Dorongan tersebut disampaikan dalam rapat kerja Komisi IV DPRD Kota Bogor bersama Disparbud di Gedung DPRD, Selasa 3 Februari. Rapat dipimpin Ketua Komisi IV Fajar Muhamad Nur, didampingi Sekretaris Komisi IV H. Subhan serta sejumlah anggota dewan lainnya.
Fajar menilai kondisi fiskal daerah yang terbatas menuntut terobosan baru agar sektor pariwisata tetap bergerak dan mampu berkontribusi terhadap pendapatan daerah. Salah satu langkah yang dinilai efektif adalah memperbanyak gelaran event yang dibiayai melalui kolaborasi dengan pihak swasta, komunitas, maupun sponsor, tanpa bergantung pada APBD.
Menurutnya, alokasi anggaran promosi wisata saat ini masih minim jika dibandingkan dengan total anggaran Disparbud, padahal promosi menjadi kunci untuk menarik kunjungan wisatawan.
“Anggaran promosi masih sangat kecil. Padahal promosi adalah ujung tombak pariwisata. Karena itu, kami mendorong strategi non-APBD, salah satunya melalui event yang konsisten dan berkualitas,” ujar Fajar.
Komisi IV menargetkan, setelah proses kurasi dan verifikasi, setidaknya 90 event dapat digelar setiap tahun untuk menjaga pergerakan wisatawan ke Kota Bogor. Event tersebut diharapkan mampu menggerakkan ekonomi lokal sekaligus meningkatkan Pendapatan Asli Daerah (PAD).

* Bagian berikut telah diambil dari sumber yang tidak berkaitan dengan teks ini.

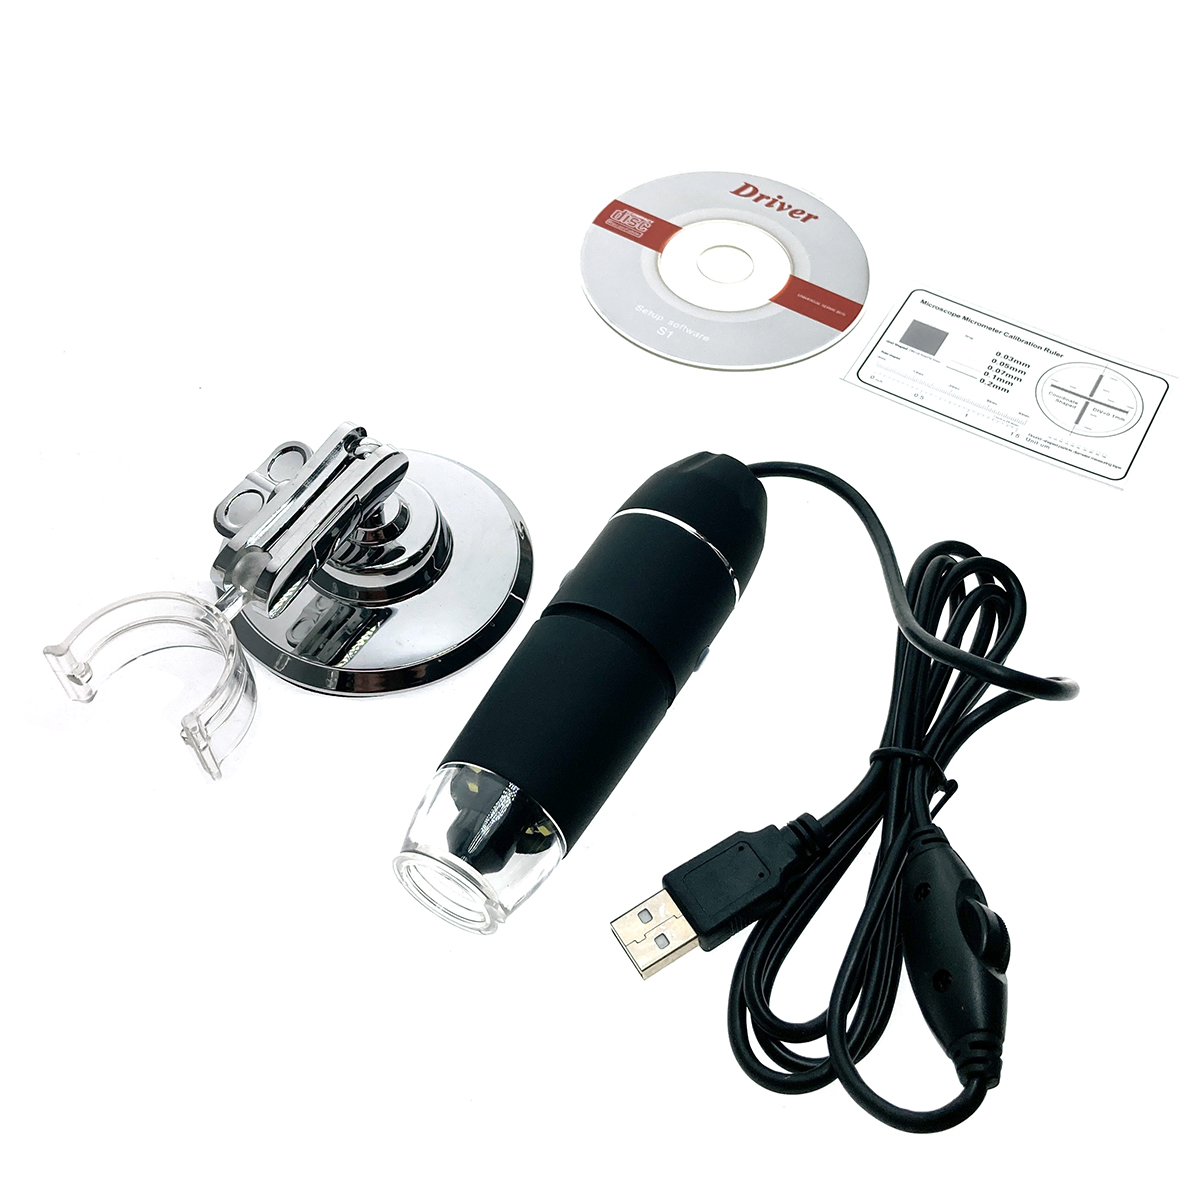 Портативный цифровой USB-микроскоп Espada E-UM21600X c камерой 2.0 МП и увеличением 1600x

Selain event, DPRD juga mendorong pengembangan destinasi potensial, seperti kawasan Mulyaharja, khususnya Saung Eling, yang memiliki nilai sejarah peninggalan kerajaan. Kawasan ini dinilai bisa menjadi daya tarik tambahan bagi wisatawan.
Fajar menambahkan, momentum Pekan Olahraga Provinsi (Porprov) juga harus dimanfaatkan sebagai peluang promosi. Ia meminta Disparbud menyiapkan skema penyambutan atlet dan ofisial agar mereka turut berwisata selama berada di Bogor.
Sementara itu, Kepala Disparbud Kota Bogor Firdaus menyatakan pihaknya siap memperkuat strategi pariwisata berbasis kolaborasi. Saat ini, Disparbud telah mencatat 56 event dalam kalender resmi, dengan 10 di antaranya ditetapkan sebagai agenda unggulan.
“Sepuluh event unggulan ini kami dorong untuk meningkatkan PAD dan menarik kunjungan wisatawan sebanyak mungkin,” kata Firdaus.
BACA JUGA:
Ia menegaskan, sejumlah kegiatan akan dilaksanakan tanpa menggunakan APBD melalui kerja sama dengan pihak ketiga dan komunitas. Skema tersebut diharapkan dapat menjaga keberlanjutan program pariwisata meski di tengah tekanan keuangan daerah.
“Kami membuka ruang kolaborasi seluas-luasnya. Harapannya, pariwisata tetap berjalan dan semakin dikenal tanpa bergantung penuh pada anggaran pemerintah,” ujarnya.